Strawberry bud weevil (Clipper)
Anthonomus signatus Say 
(Coleoptera: Curculionidae)


Adult is a snout beetle about 1/10 inch (3 mm) long, chestnut brown in color, and possessing two black spots on its back (elytra). Larvae are tiny creamy white-colored grubs found inside unopened flower buds.

Biology and damage:

The strawberry bud weevil is probably one of the most important direct pest of strawberries in the United States. This pest has been shown to cause yield losses from 50 to 100% in some areas (Schaefers 1981). The strawberry bud weevil is widespead and occurs throughout virtually all the strawberry-growing regions of this country, including Virginia (Anderson & Walker 1937, Davidson & Lyon 1987). Strawberry bud weevil has one generation per year. Overwintering adults emerge early in the season from ground litter commonly in wooded areas and migrate to strawberry fields (around late April in the Mid-Atlantic region). Ovipositing females puncture unopened buds with their long beaks and deposit a single egg into the bud. Damage results when females sever the strawberry bud from the pedicel following oviposition, causing it to hang by part of the stem, or fall to the ground (Annonymus 1972), thus, preventing fruit formation. Larvae develop in the severed buds and reach maturity in 3-4 weeks. Adults emerge in June, feed on flower pollen, then enter an estavation in mid-summer and remain inactive the rest of the season.

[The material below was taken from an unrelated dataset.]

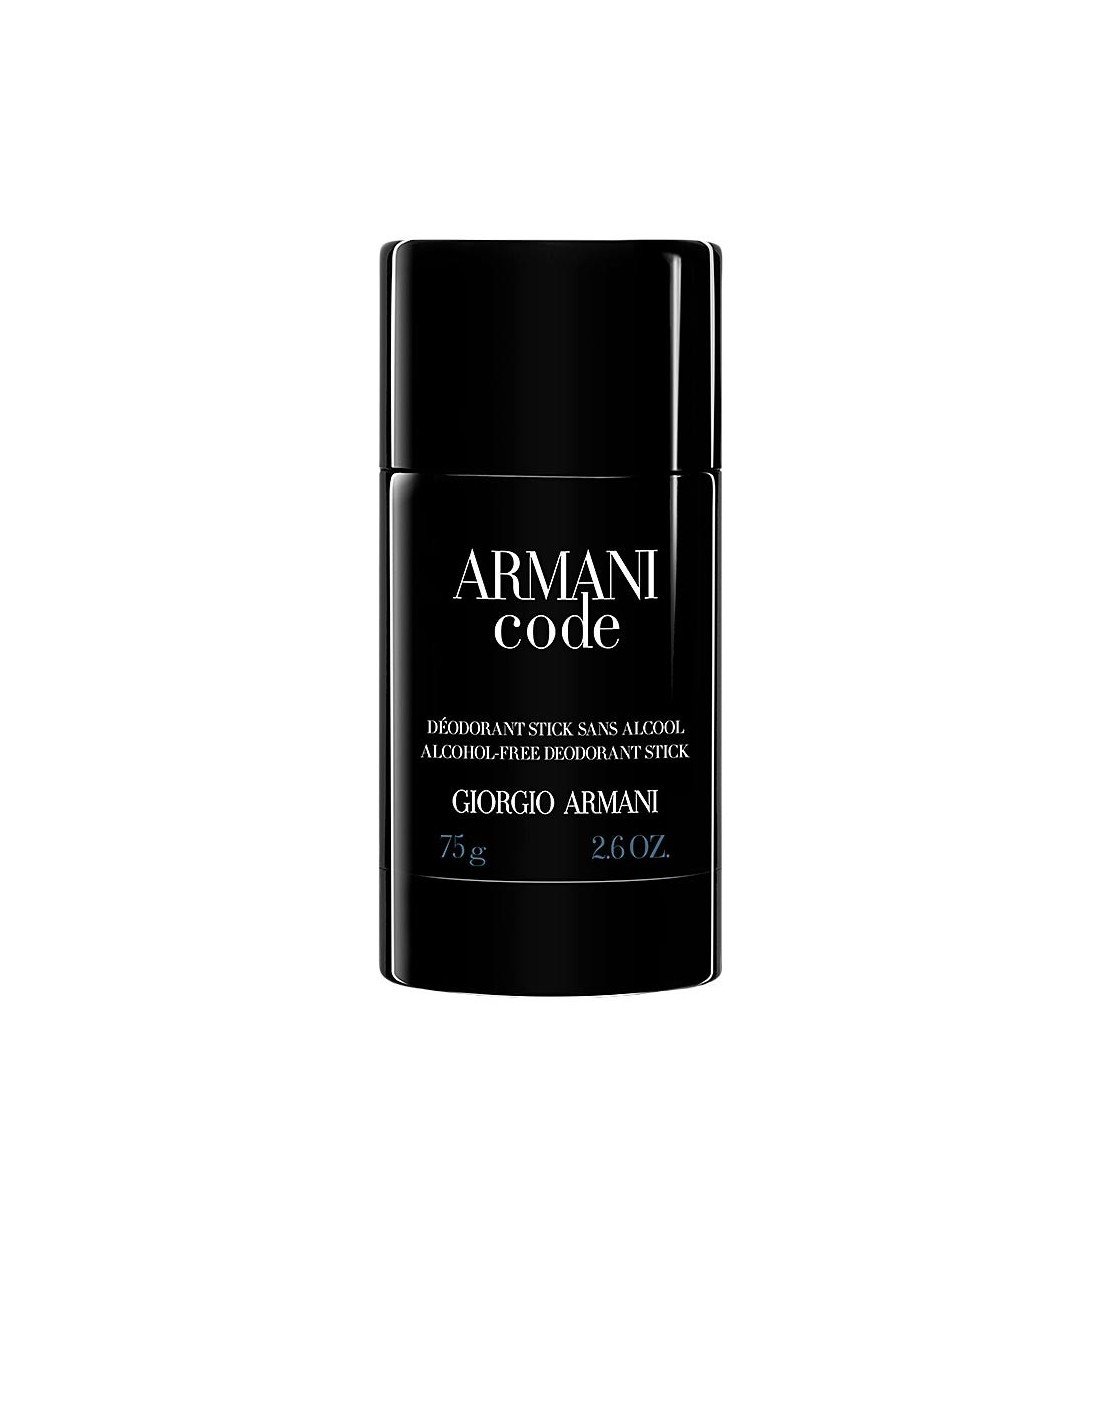 Shop now Armani Code Deodorant Stick

Field scouting/monitoring:

One method of field scouting involves sampling weevils on plants, during the early blossom/bud stage. Shaefers (1981) suggests an economic injury level of 1 female beetle per 40 row feet. Cooley & Schloemann (1990) developed a sampling program using bud damage as a sampling index. According to this program, sample units of 2 row feet of plants are sampled at 5 to 10 locations along a v-shaped transect. Treatment is advised if an average of 0.6 clipped buds per row foot are found.


Recent research in New York indicates that only rows near block edges near woods may need to be sprayed. If compensatory varieties such as Seneca are used, sprays may not be needed at all.

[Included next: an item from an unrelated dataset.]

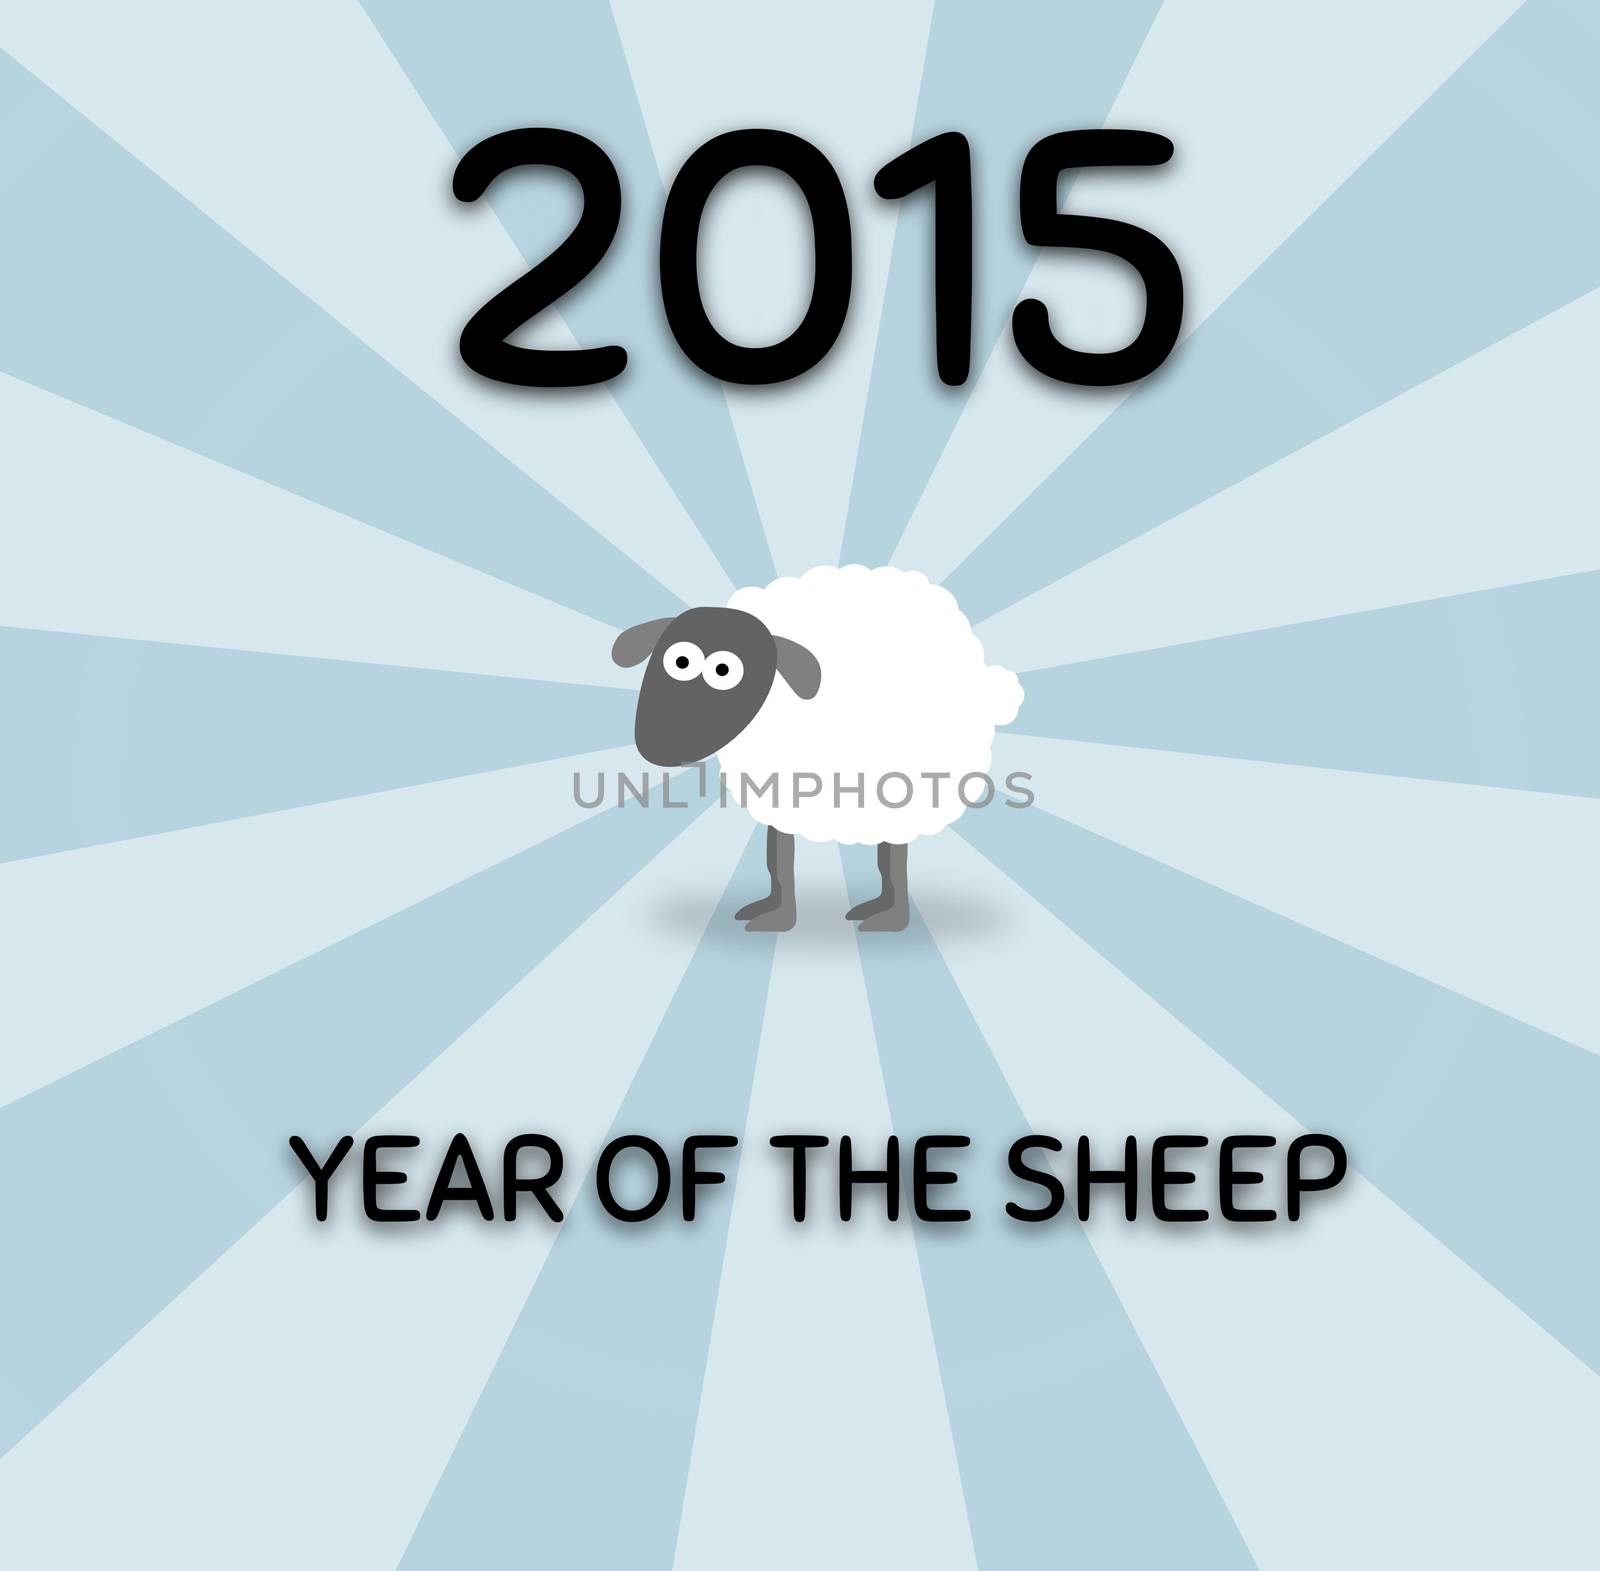 Year of the Sheep by darrenwhittingham

Virginia home spray guidelines 
California guidelines 
Pistillate varieties of strawberries are relatively immune from attack since only varieties with staminate flowers seem to provide adequate food for developing larvae (Davidson & Lyon 1987). Early-fruiting varieties are more susceptible to attack than later-fruiting varieties. Schaefers (1981) recommends topping of plants and removal of foliage and mulch immediately following harvest, then applying a follow up chemical spray to kill overwintering adults. Other cultural practices include avoiding field site selection near wooded areas to prevent high numbers of overwintering adults from entering the field in the spring. Mulches and full canopy beds encourage adults to overwinter and remain in the field, thus plowing of old beds immediately following harvest causes adult mortality. Cropping fields less than three years is also recommended.